* _Exercise brief_:
When you reach the line with "изображение 3D одноэтажного" in the listing below, transcribe it and each line after it up to and including the line with "9/11 anniversary 9/11", exactly and with nothing else.

• • •

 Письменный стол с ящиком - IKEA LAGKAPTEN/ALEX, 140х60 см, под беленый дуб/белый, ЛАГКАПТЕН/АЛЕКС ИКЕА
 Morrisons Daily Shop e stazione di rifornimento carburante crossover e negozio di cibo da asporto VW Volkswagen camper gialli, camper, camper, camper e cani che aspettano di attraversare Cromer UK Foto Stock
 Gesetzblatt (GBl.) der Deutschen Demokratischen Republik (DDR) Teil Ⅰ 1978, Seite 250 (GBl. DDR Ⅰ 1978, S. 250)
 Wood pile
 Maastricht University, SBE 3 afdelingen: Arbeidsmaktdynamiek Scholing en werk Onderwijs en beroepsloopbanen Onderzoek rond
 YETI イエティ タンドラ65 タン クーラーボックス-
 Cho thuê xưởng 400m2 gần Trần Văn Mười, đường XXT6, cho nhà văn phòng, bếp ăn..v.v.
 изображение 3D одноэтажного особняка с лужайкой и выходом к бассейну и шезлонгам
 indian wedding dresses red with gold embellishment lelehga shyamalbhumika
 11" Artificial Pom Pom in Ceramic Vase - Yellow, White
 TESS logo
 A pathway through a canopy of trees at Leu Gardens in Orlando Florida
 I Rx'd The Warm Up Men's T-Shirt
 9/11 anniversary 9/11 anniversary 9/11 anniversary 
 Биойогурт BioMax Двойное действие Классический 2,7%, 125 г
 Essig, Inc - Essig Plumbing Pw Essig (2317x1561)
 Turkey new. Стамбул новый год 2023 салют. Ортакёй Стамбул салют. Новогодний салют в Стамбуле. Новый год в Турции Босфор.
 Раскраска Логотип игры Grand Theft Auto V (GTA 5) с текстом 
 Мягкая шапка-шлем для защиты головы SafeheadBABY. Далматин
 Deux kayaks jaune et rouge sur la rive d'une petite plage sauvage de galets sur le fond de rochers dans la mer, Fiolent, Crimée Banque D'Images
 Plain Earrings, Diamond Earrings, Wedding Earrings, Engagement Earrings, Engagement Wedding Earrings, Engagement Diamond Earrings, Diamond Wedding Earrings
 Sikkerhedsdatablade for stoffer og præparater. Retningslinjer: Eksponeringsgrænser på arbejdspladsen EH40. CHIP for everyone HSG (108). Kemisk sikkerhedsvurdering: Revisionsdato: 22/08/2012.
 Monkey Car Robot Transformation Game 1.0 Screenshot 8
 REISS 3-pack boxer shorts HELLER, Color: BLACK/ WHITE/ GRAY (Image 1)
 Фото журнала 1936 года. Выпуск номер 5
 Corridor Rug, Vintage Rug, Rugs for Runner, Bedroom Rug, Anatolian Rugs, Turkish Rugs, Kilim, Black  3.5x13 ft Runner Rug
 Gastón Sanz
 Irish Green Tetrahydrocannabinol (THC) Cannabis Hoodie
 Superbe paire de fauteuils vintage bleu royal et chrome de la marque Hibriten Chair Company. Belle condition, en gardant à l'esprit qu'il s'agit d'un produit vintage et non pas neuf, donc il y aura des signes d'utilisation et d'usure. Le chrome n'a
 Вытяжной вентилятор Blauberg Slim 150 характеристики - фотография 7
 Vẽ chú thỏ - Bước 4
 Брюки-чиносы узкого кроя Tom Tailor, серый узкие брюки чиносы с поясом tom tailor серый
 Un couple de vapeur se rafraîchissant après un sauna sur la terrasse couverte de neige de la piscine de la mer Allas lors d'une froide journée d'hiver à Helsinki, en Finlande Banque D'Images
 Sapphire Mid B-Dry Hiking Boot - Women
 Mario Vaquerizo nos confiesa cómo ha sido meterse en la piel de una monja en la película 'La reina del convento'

• • •

* _Exercise answer_:
 изображение 3D одноэтажного особняка с лужайкой и выходом к бассейну и шезлонгам
 indian wedding dresses red with gold embellishment lelehga shyamalbhumika
 11" Artificial Pom Pom in Ceramic Vase - Yellow, White
 TESS logo
 A pathway through a canopy of trees at Leu Gardens in Orlando Florida
 I Rx'd The Warm Up Men's T-Shirt
 9/11 anniversary 9/11 anniversary 9/11 anniversary 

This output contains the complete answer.